● To do:
Here is the task for the records below: repeat exactly the lines from the one with "Shelter Workers Were" to the one with "Xinjiang_in_China_(de-facto)_(+all_claims_hatched).svg.png", both included, and nothing else.

● Data records:
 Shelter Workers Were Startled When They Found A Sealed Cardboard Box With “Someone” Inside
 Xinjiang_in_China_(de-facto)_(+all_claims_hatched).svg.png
...
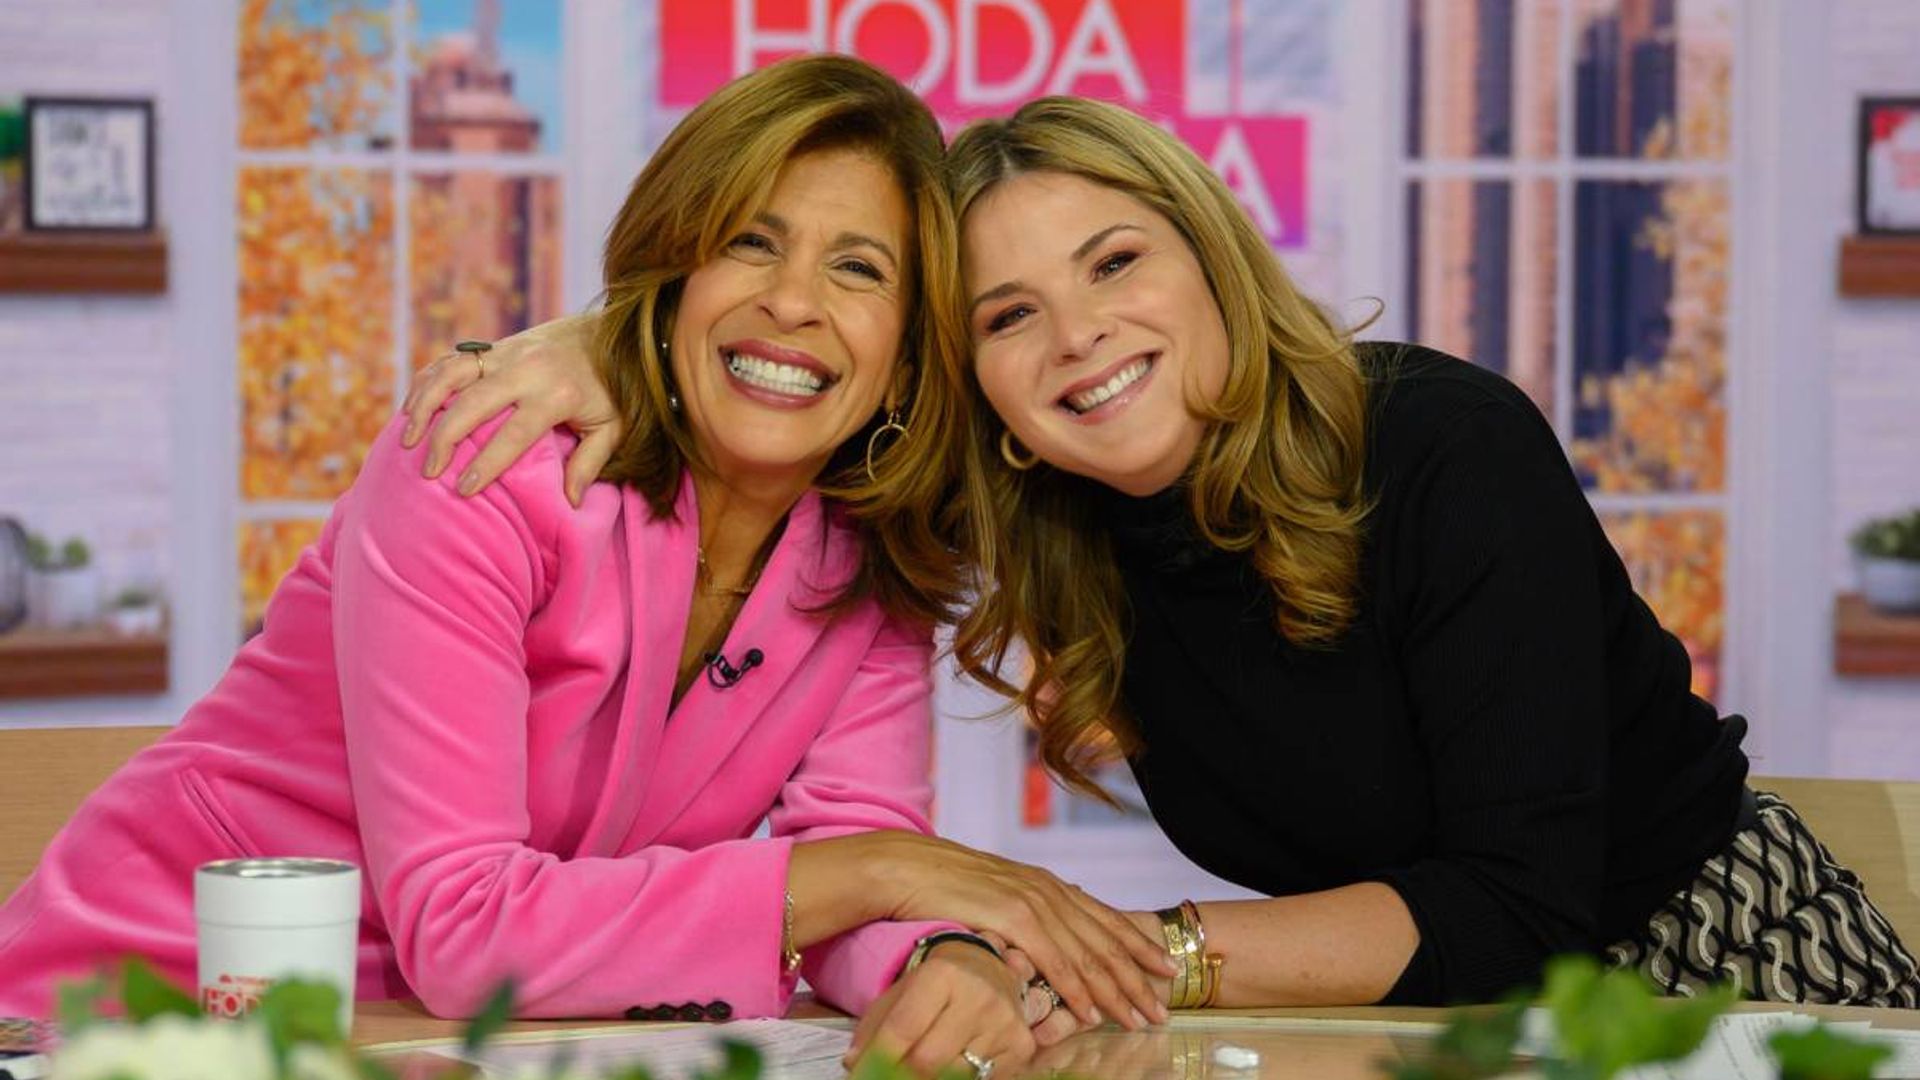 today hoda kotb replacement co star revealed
* * *
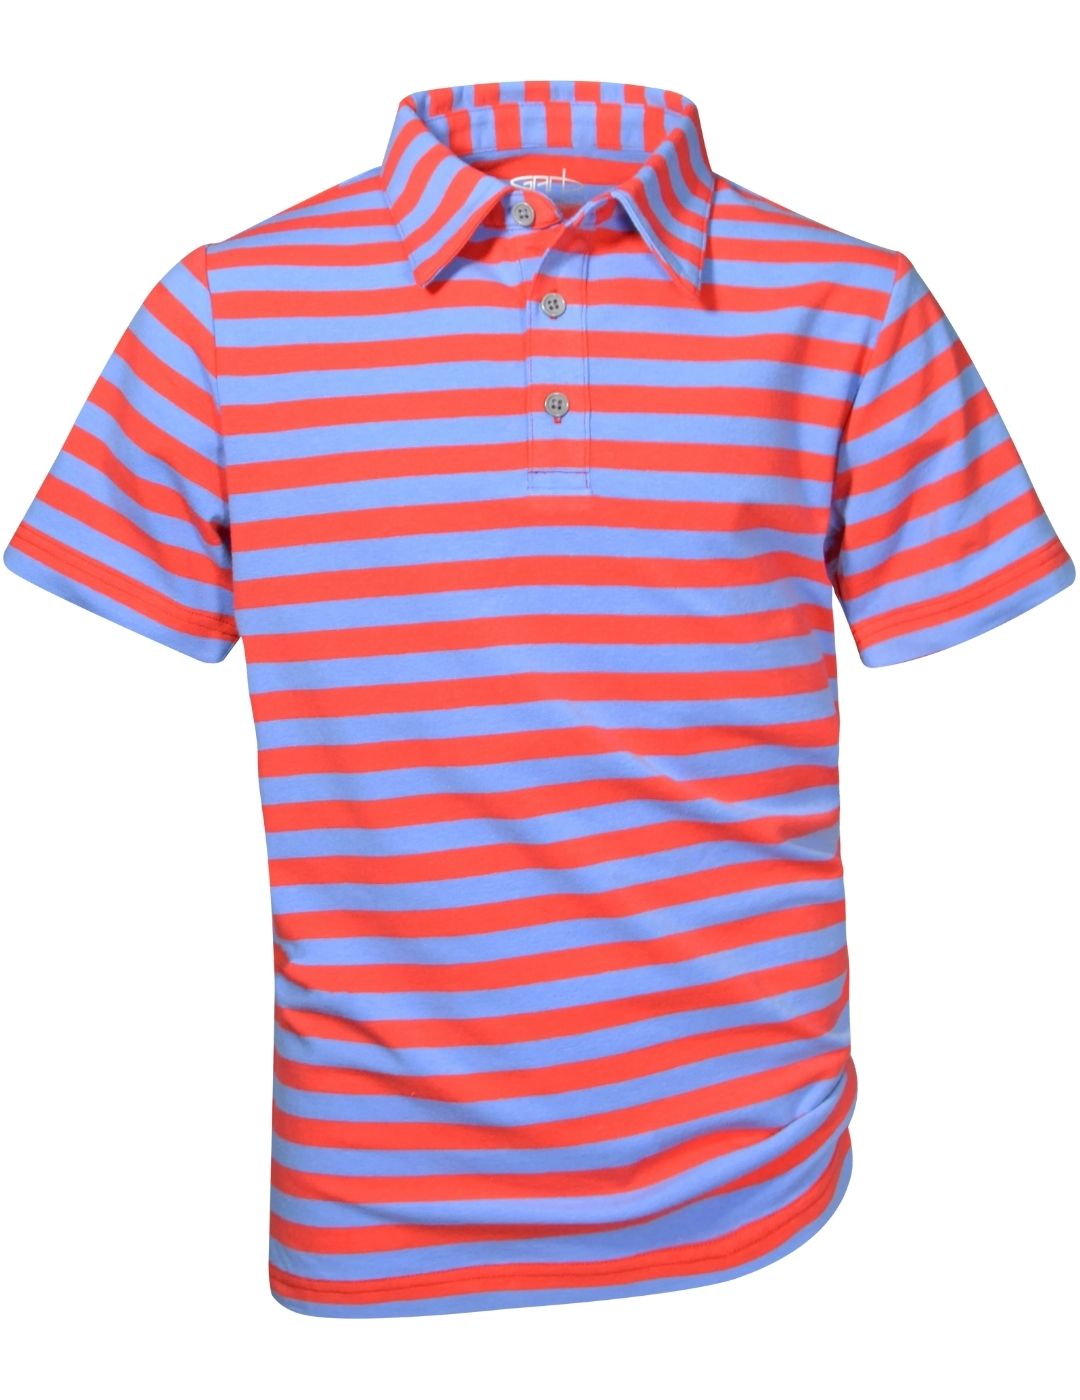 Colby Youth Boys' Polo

● Exercise solution:
 Shelter Workers Were Startled When They Found A Sealed Cardboard Box With “Someone” Inside
 Xinjiang_in_China_(de-facto)_(+all_claims_hatched).svg.png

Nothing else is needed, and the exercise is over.